Yeah, it's finally over. As far as I can tell.

What I like about this quest is that it's a "slow quest" that actually does the work of world simulation over the course of several in-game days. Imagine completing this quest by raiding the mafia drug lab, then doing some other unrelated quests for a few real-life hours, and then suddenly all these NPCs are wondering what the hell happened. In most RPGs, NPCs accept NPC deaths with supernatural stoicism and everything is instantly resolved. In this quest, stuff keeps happening. It reminds me of the complex Tenpenny Tower quest from Fallout 3, where you can convince wealthy humans and sentient zombies to peacefully coexist, but if you revisit the location days later then you'll find out the zombies eventually killed all the humans anyway.

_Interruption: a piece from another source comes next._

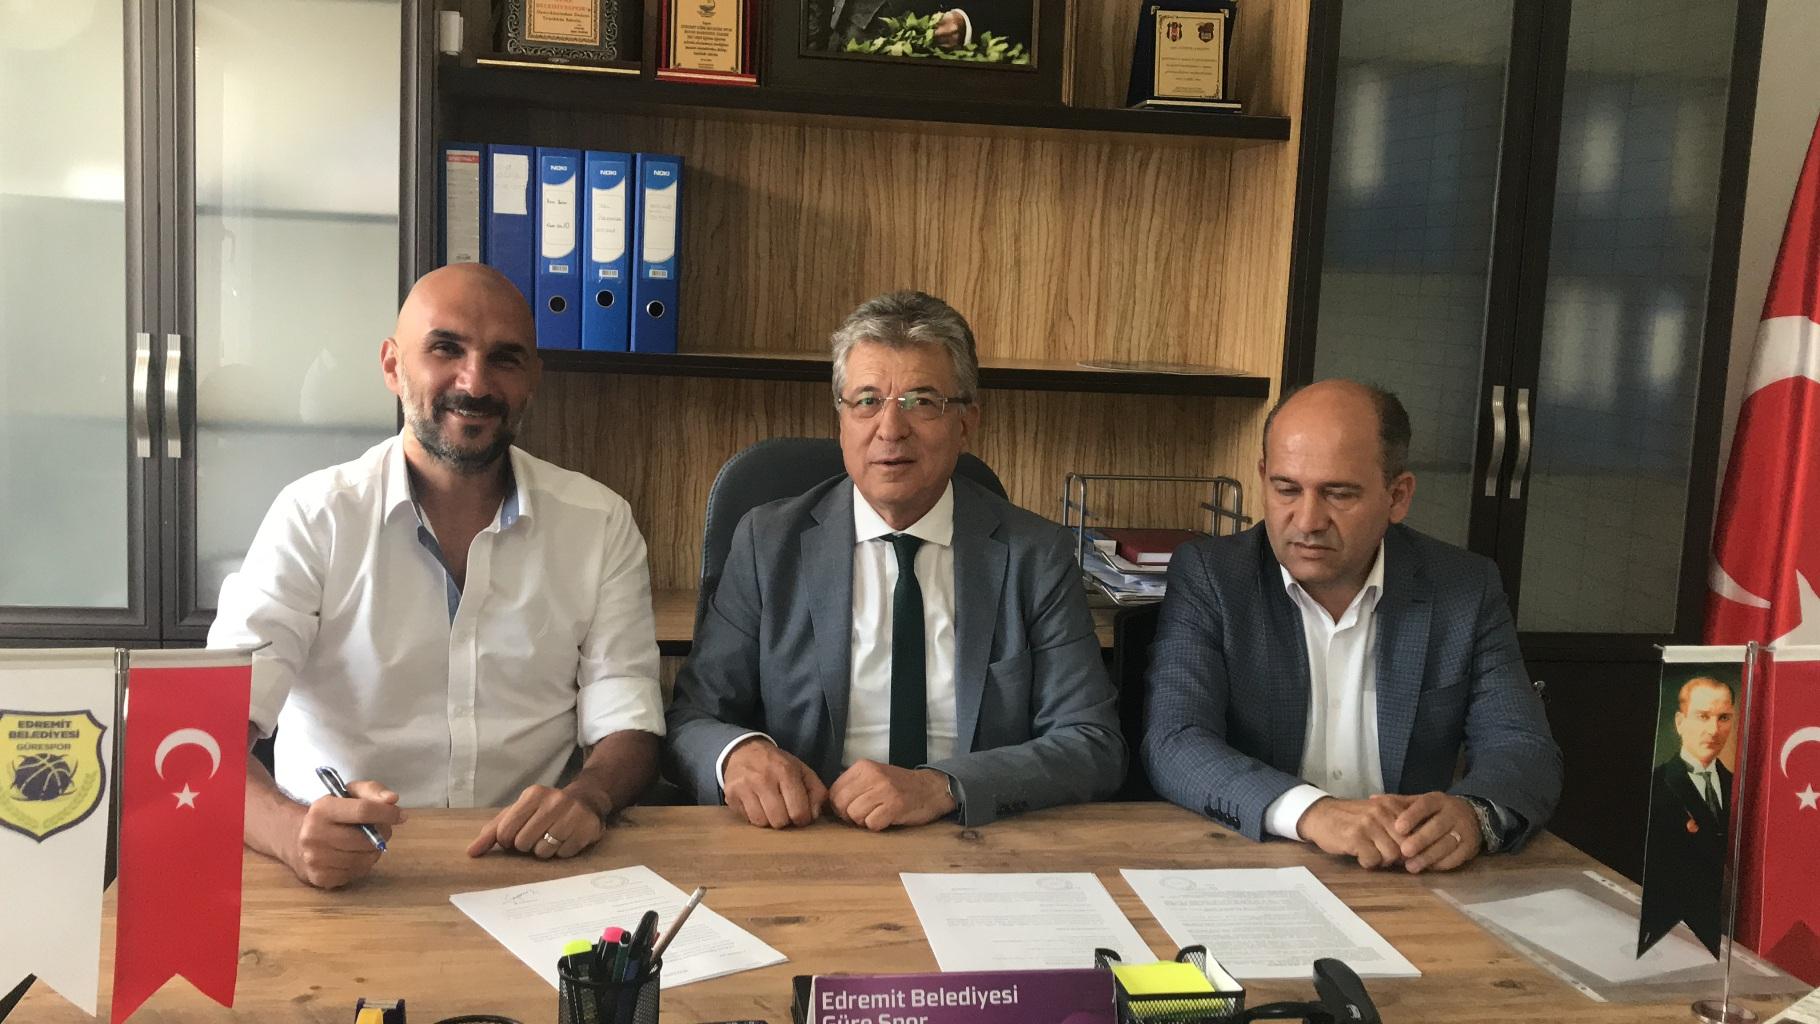 Edremit Belediyesi Gürespor'da Kaan Artun Dönemi

Diamond City Blues also plays with Fallout 4's game systems in critical ways. An NPC basically admits the game's inventory UI and barter systems are annoying, then uses that to negotiate with you. The Quest UI lies to you and says the quest is over, waits a few days, then ropes you back into everything.

It's also a bit difficult to kill the mafia boss or rich father, once they start sending thugs to murder you. To the game's faction system, these NPCs are still safely non-hostile in the city, and the entire city will attack you if you attack them to their face. They have a strange sort of "invincible passive-aggressive NPC privilege" here which is really fascinating, the game is systemically fortifying organized crime and the rich who can just spawn NPCs to go hostile after you, instead of getting their hands dirty.

Notice that there's no "big choices" here. You can't go to the cops at any point in this quest, because in a pulpy noir crime parable that never happens. It will all pretty much play out the same way, no matter what, and it's rigged to do that. What's different is the details in how these consequences spill over everywhere. You can lie to so many people about everything! NPCs actually have some concept of memory, interiority, and autonomy! Instead of being a clear branching narrative with a big eye-rolling "ethical dilemma" at the end, this is bushy and mushy.

The result is a very expressive quest that drags more and more characters into the orbit of this messy noir drama, haunting everyone with their complicity and lies, including the player. One of the few open world quests that actually needs an open world to pull it off.